Impaired Th1 cytokine expression, but enhanced IL-4 production by VV-specific splenocytes from cutaneously VV-infected FoxP3KO mice
The Th1 cytokine, IFN-γ, is critical in VV immunity, driving expansion of virus-specific CD8+ T cell populations (17–19) and mediating early control of VV replication (20, 21). In contrast, Th2 cytokines impair VV clearance (22, 23).
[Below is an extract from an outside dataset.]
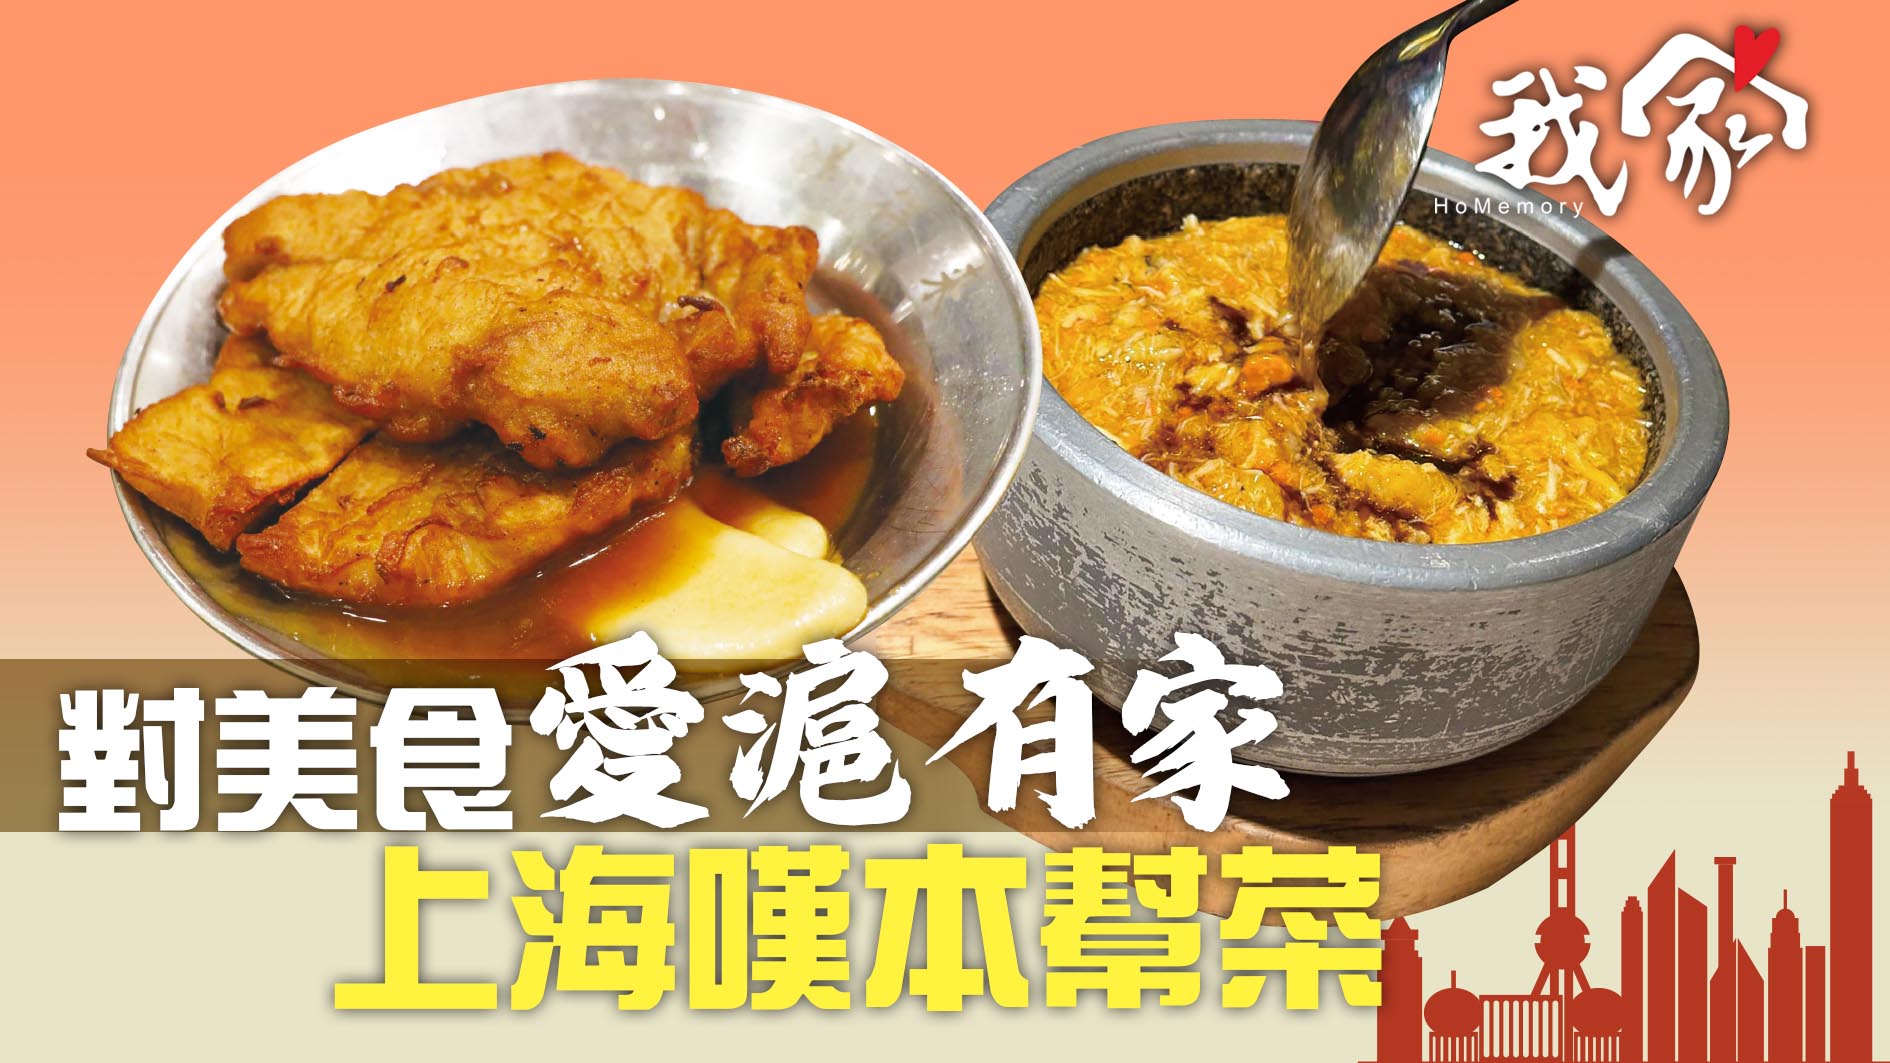 對美食「愛滬有家」  上海嘆本幫菜

In this study, WT splenocytes stimulated with VV displayed robust IFN-γ responses (50.2 ± 9.6 ng/ml), whereas splenocytes from VV-infected FoxP3KO mice produced background levels (15.6 ± 2.4 ng/ml; p < 0.0001) (Fig. 2C). IL-2 responses were similarly impaired in FoxP3KO mice. In striking contrast to the diminished production of Th1 cytokines, Th2 responses were amplified in FoxP3KO mice as evidenced by markedly increased production of IL-4 (0.5 ± 0.1 ng/ml, compared with 0.1 ± 0.0 ng/ml in WT; p < 0.005).
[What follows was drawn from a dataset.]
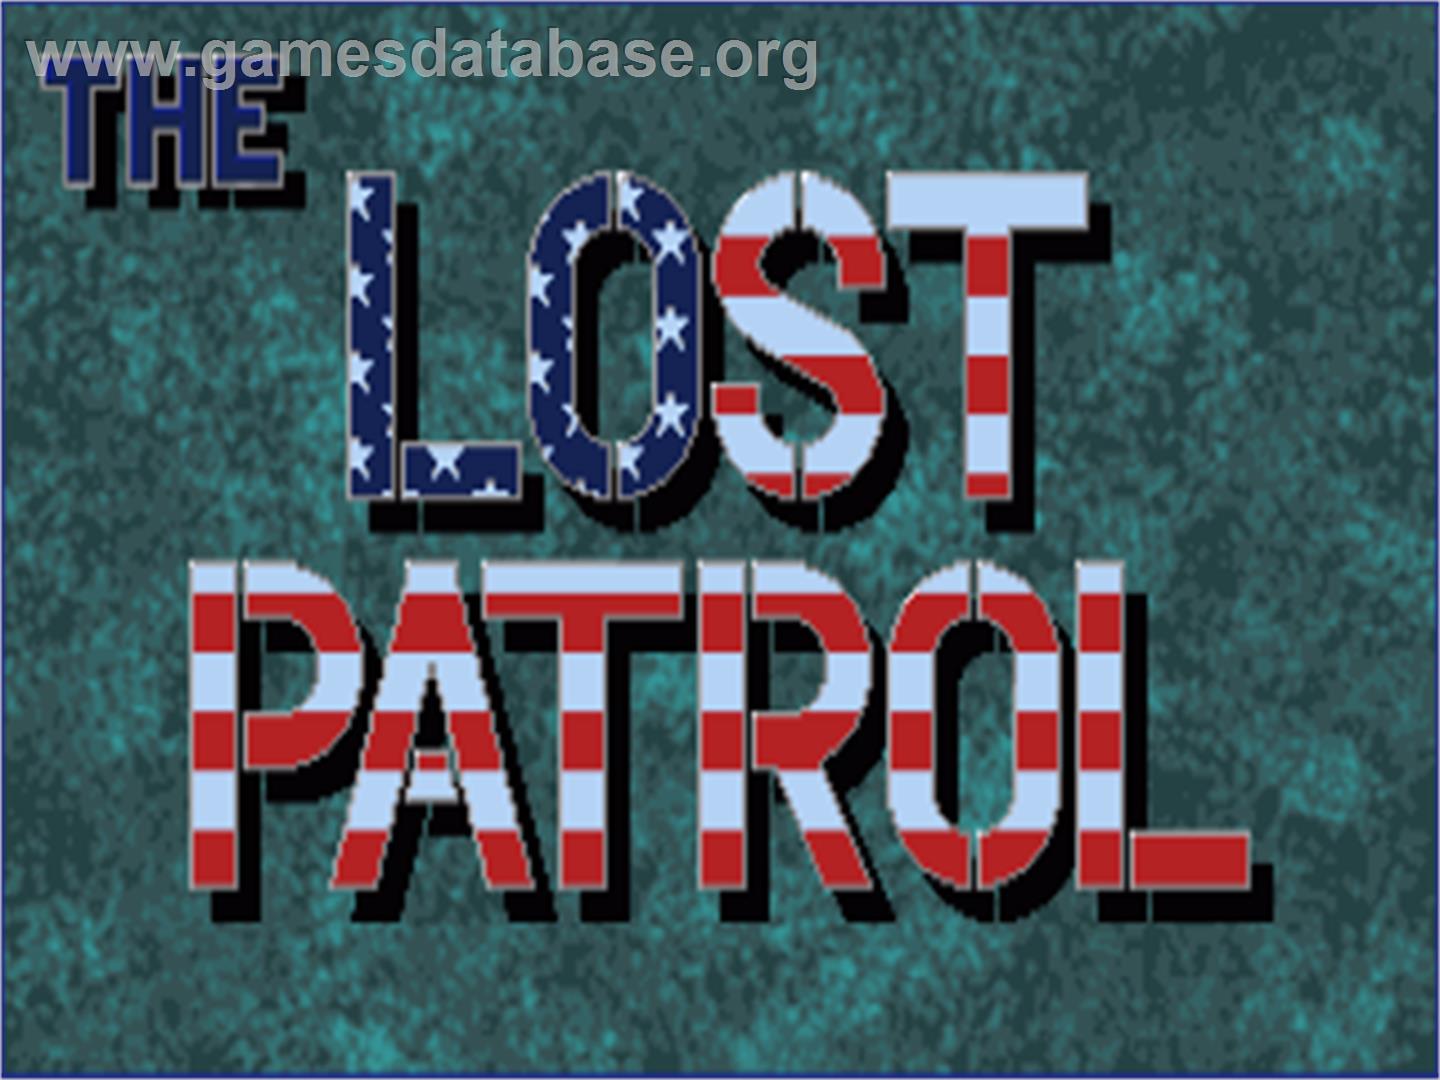 Lost Patrol - Commodore Amiga - Artwork - Title Screen

Collectively, these results demonstrate that cutaneous VV infection of FoxP3KO results in impaired Th1 effector immune responses along with a paradoxical induction of Th2 immunity.
Generation and characterization of CCR4/FoxP3 chimeras
Because FoxP3KO mice exhibit multisystem inflammation, studies with these animals did not allow us to distinguish effects of skin inflammation on the EV phenotype from those of generalized immune abnormalities resulting from global FoxP3 deficiency. Therefore, additional studies were performed using BM chimeras constructed by infusing mixed marrow from CCR4KO and FoxP3KO mice into Rag1KO in which only FoxP3KO progenitors harbor a normal CCR4 allele critical for skin homing resulting in a Treg deficiency confined to the skin (CCR4/FoxP3 chimeras; see schematic in Fig. 3). Control mice received mixed BM from CCR4KO and WT donors (CCR4/WT chimeras). CCR4/FoxP3 chimeras (but not controls) developed patches of inflamed skin eventually spreading to the ears and back with erythema, excoriation, alopecia, and crusting (Fig. 4A). These lesions were infiltrated with eosinophils and scattered lymphocytes extending from the s.c. tissue to the dermal-epidermal interface, similar in appearance but less intense than the infiltrate of FoxP3KO mice (Fig. 4B). Quantification of infiltrating cells per 0.01 mm2 showed a significantly higher cutaneous influx in CCR4/FoxP3 chimeras than in control mice (p < 0.0001): 165 ± 20 (CCR4/FoxP3), 331 ± 31 (FoxP3KO), and 2 ± 0.4 (WT) (Fig. 4C). As predicted, the chimeras were spared the gastrointestinal inflammation present in FoxP3KO mice. Only FoxP3KO mice and not the chimeras had colonic inflammation with a mixed lymphocytic and eosinophilic infiltrate, crypt regeneration, and enterocytes showing reactive changes with nuclear polymorphism. Enlarged spleens (data not shown) lacking CD4+FoxP3+ splenocytes were similarly present in FoxP3KO mice but not evident in the CCR4/FoxP3 chimeras (Fig. 5A). Consistent with skin inflammation as a stimulus of IgE production, 4 wk after BM reconstitution, total IgE levels were significantly increased in CCR4/FoxP3 (p < 0.0001), but not in control chimeras, and reached similar elevations compared with FoxP3KO mice 11 wk after BM reconstitution (Fig. 5B). Significantly higher expression of IL-4 (p < 0.05) was found in the skin of CCR4/FoxP3 chimeras compared with control mice starting 4 wk after BM reconstitution (Fig. 5C).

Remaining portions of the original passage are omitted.